Castles of Orbaal
- Cover art by Eric Hotz
- Designers: Tom Dalgliesh
- Illustrators: Eric Hotz
- Publishers: Columbia Games
- Publication: 1992
- Genres: Low fantasy

= Castles of Orbaal =

1992 fantasy role-playing game supplement

Castles of Orbaal, subtitled "Arathel, Marby, Pled, Sherwyn", is a supplement published by Columbia Games in 1992 for the fantasy tabletop role-playing setting Hârn that describes four castles in one of the regions of the game.

==Contents==
Orbaal is a northern region of Hârn where viking clans from Ivinia have taken control.
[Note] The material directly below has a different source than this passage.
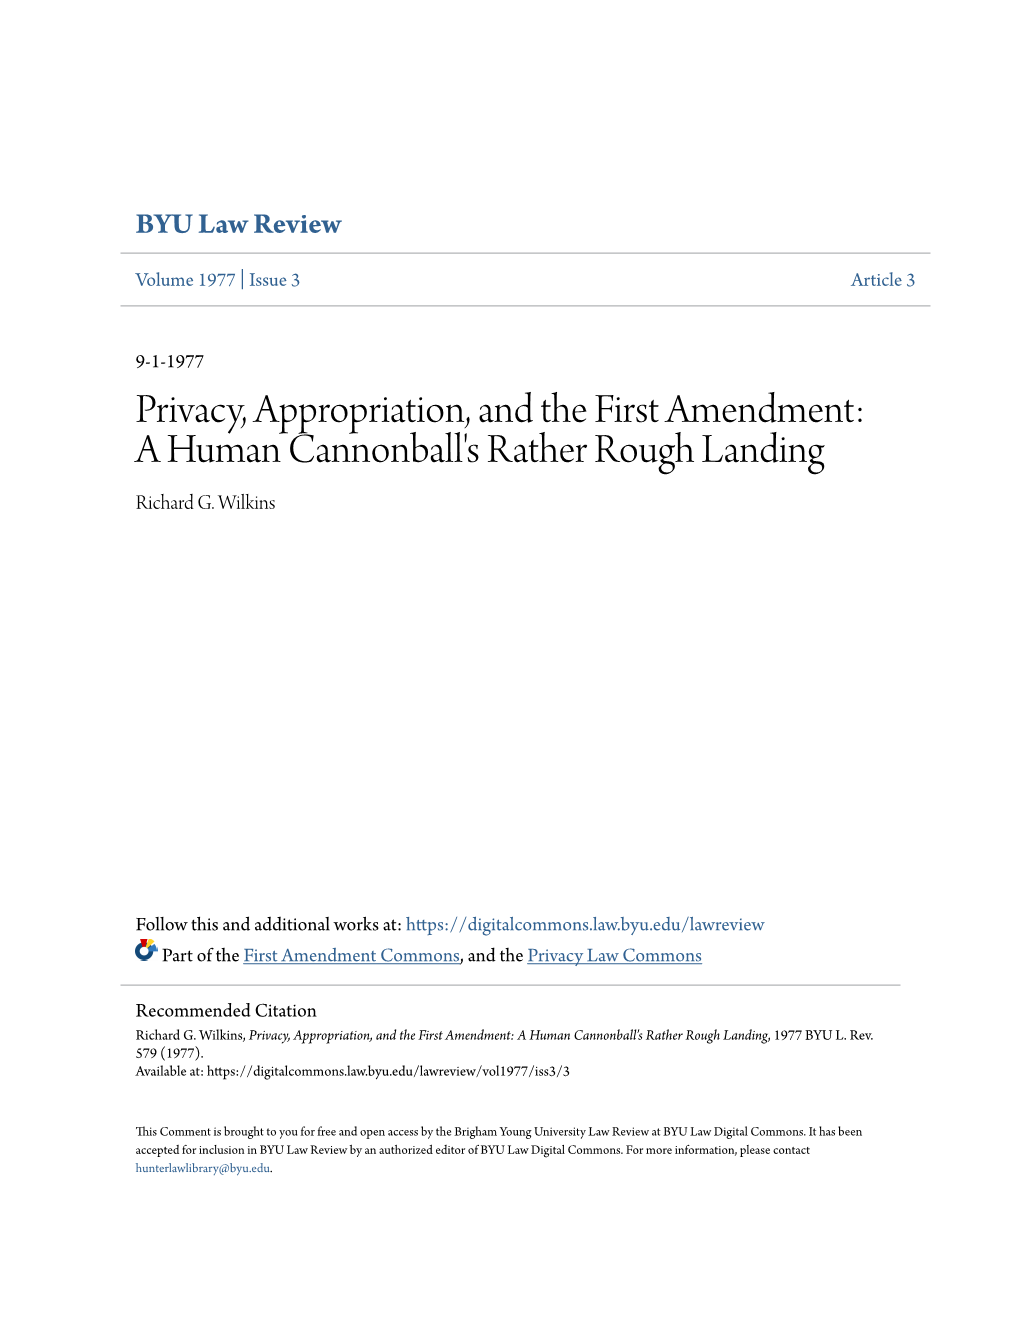 Privacy, Appropriation, and the First Amendment: a Human Cannonball's Rather Rough Landing Richard G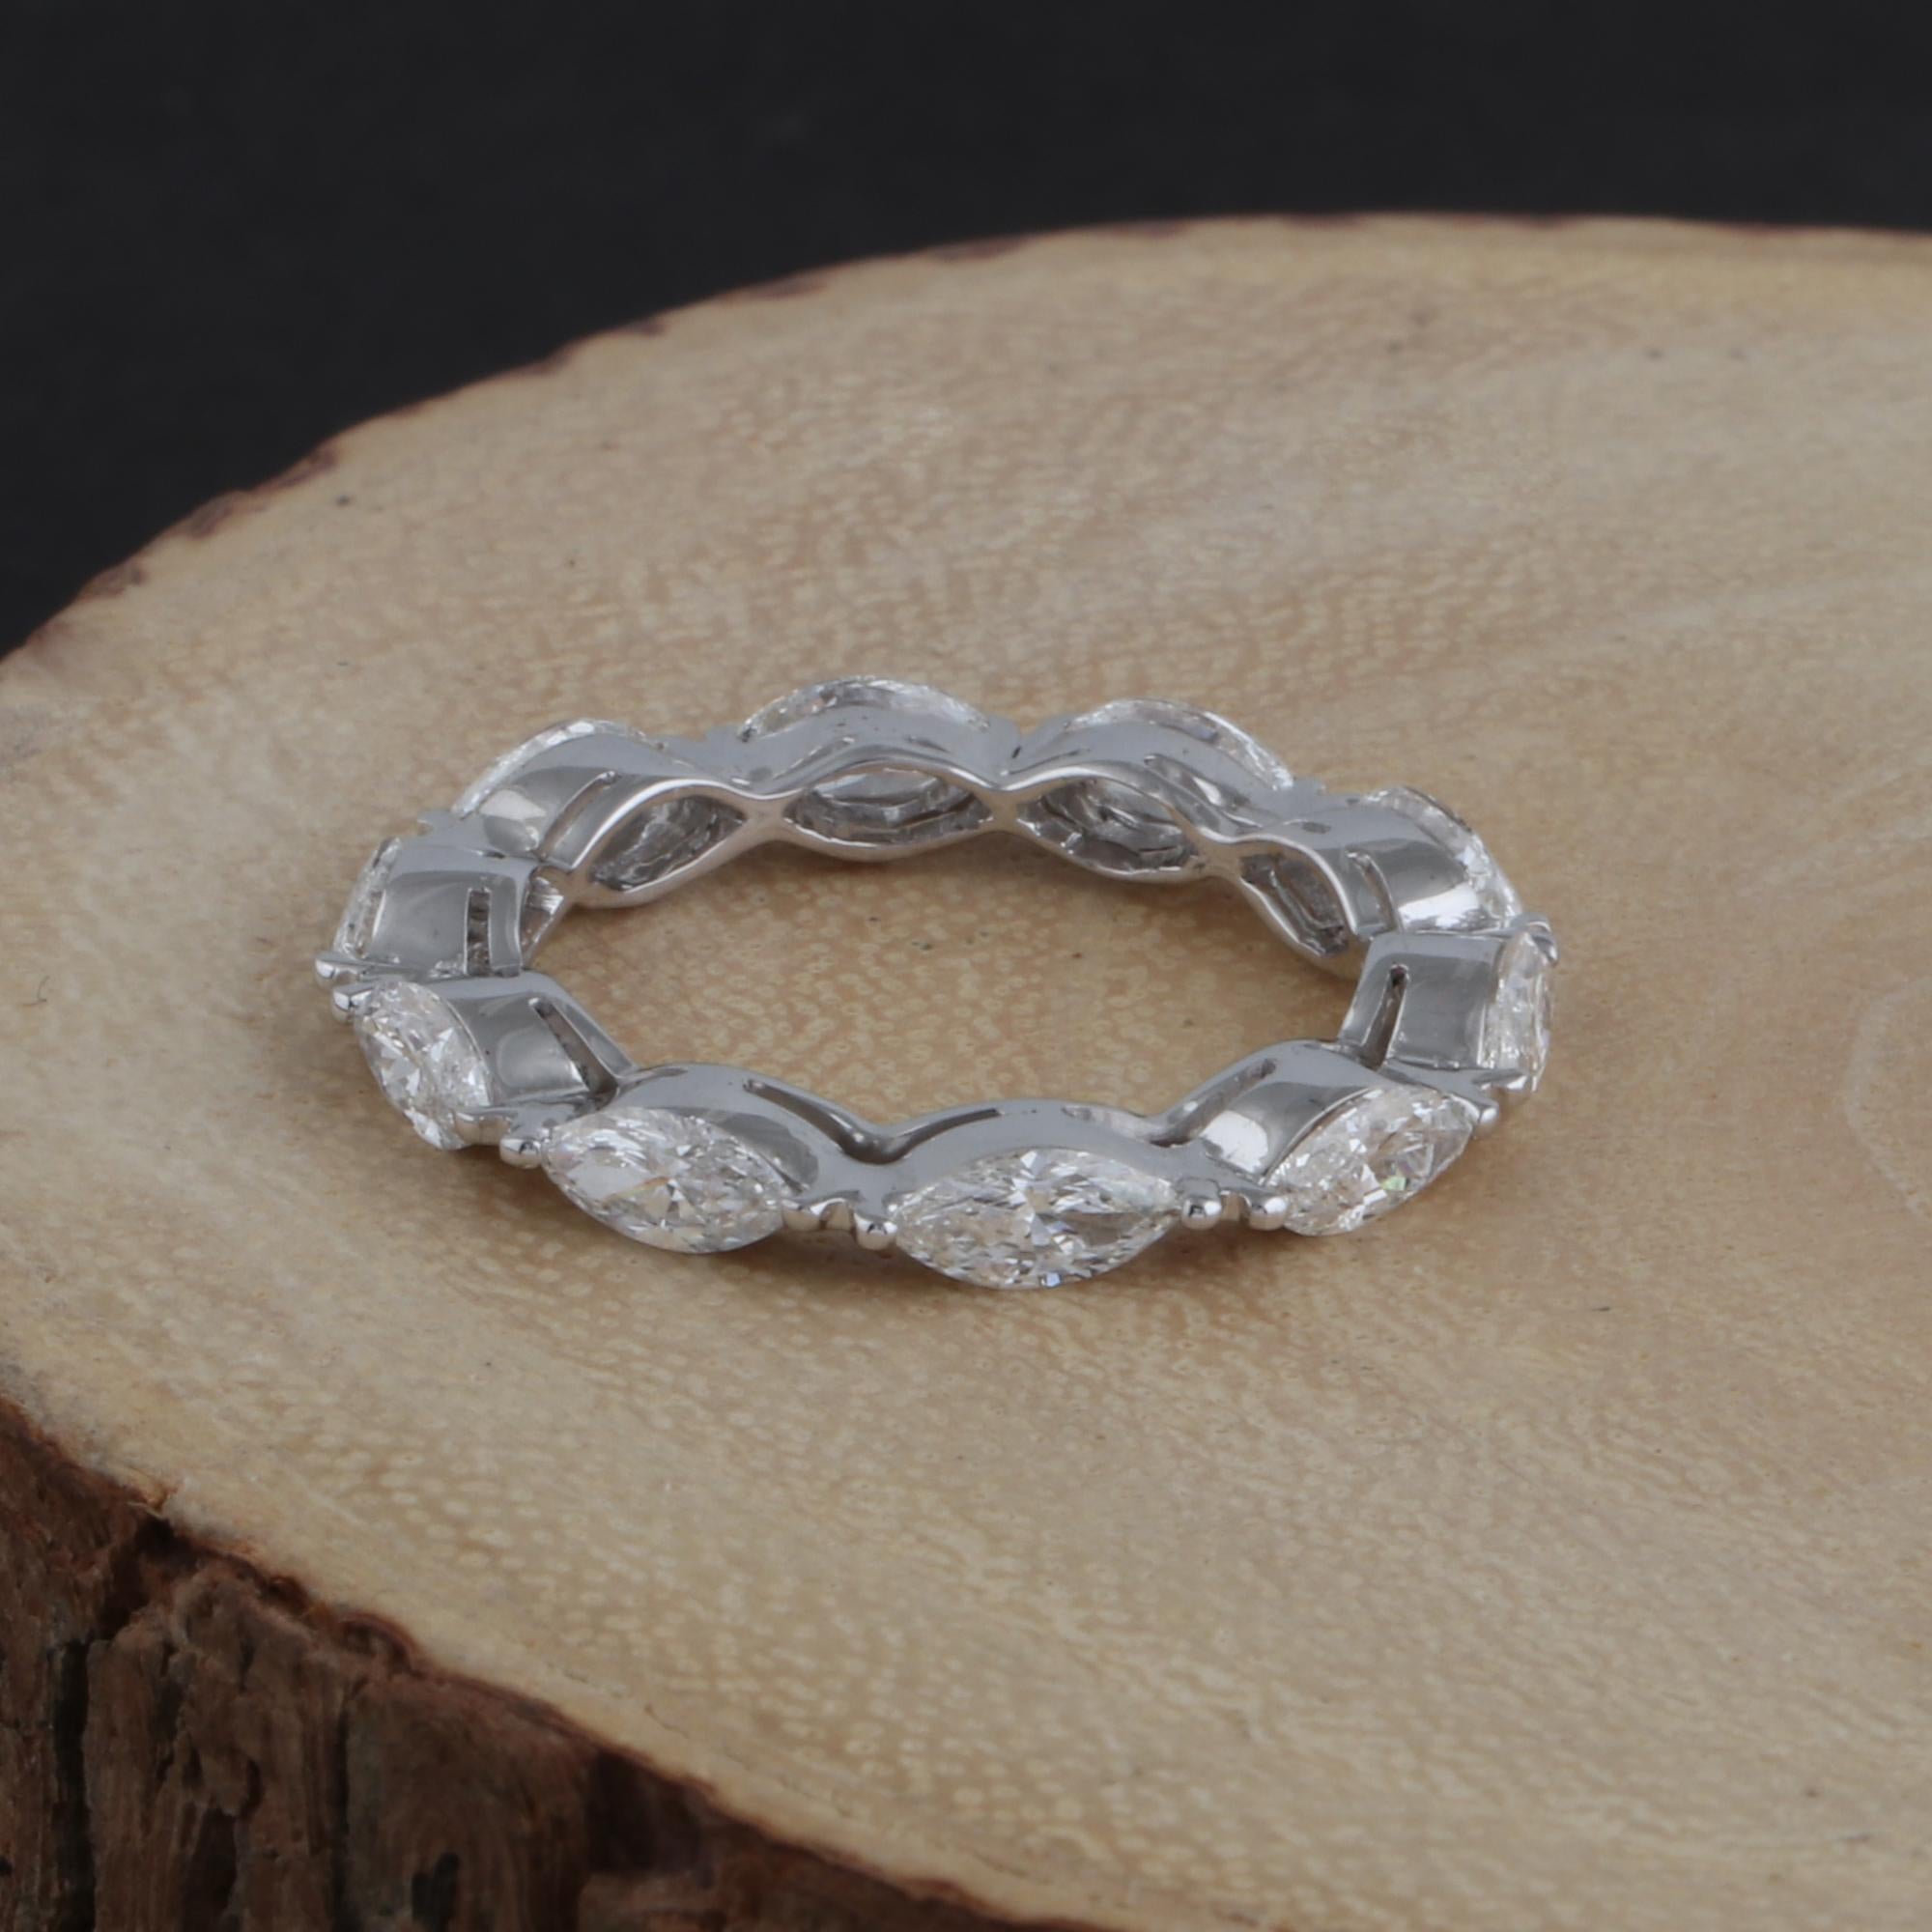 For Sale:  1.9 Carat SI Clarity HI Color Marquise Diamond Eternity Band Ring 18k White Gold 3

Castles of Orbaal describes four castles in the region, providing information about the current castle owners and notable non-player characters, as well as complete floor plans of the castles and maps of the lands surrounding each castle. Much of the information about the province of Orbaal was reprinted from the supplement Orbaal (1984).

==Publication history==
In 1983, Columbia Games launched the role-playing setting Hârn, designed by N. Robin Crossby. Columbia Games immediately began to produce supplements to provide details about the various lands, regions, peoples, flora and fauna of the world, including Orbaal (1984), a supplement describing a northern region of the world. Nine years later, Columbia recycled some of that material in Castles of Orbaal, a book designed by Tom Dalgliesh and Edwin King with cover art by Eric Hotz.

==Reception==
In Issue 40 of White Wolf (1994), Ken Rolston reviewed both Castles of Hârn and Castles of Orbaal and stated "If you run any sort of historically based low fantasy campaign - Pendragon or Ars Magica campaigns in particular - Castles of Hârn and Castles of Orbaal are just right. Other more shamelessly heroic settings (like AD&D Greyhawk or Warhammer Fantasy Role Play) may require importing loads of alien races and spell casters, but the castle plans, terrain maps and NPC thumbnails work just fine regardless."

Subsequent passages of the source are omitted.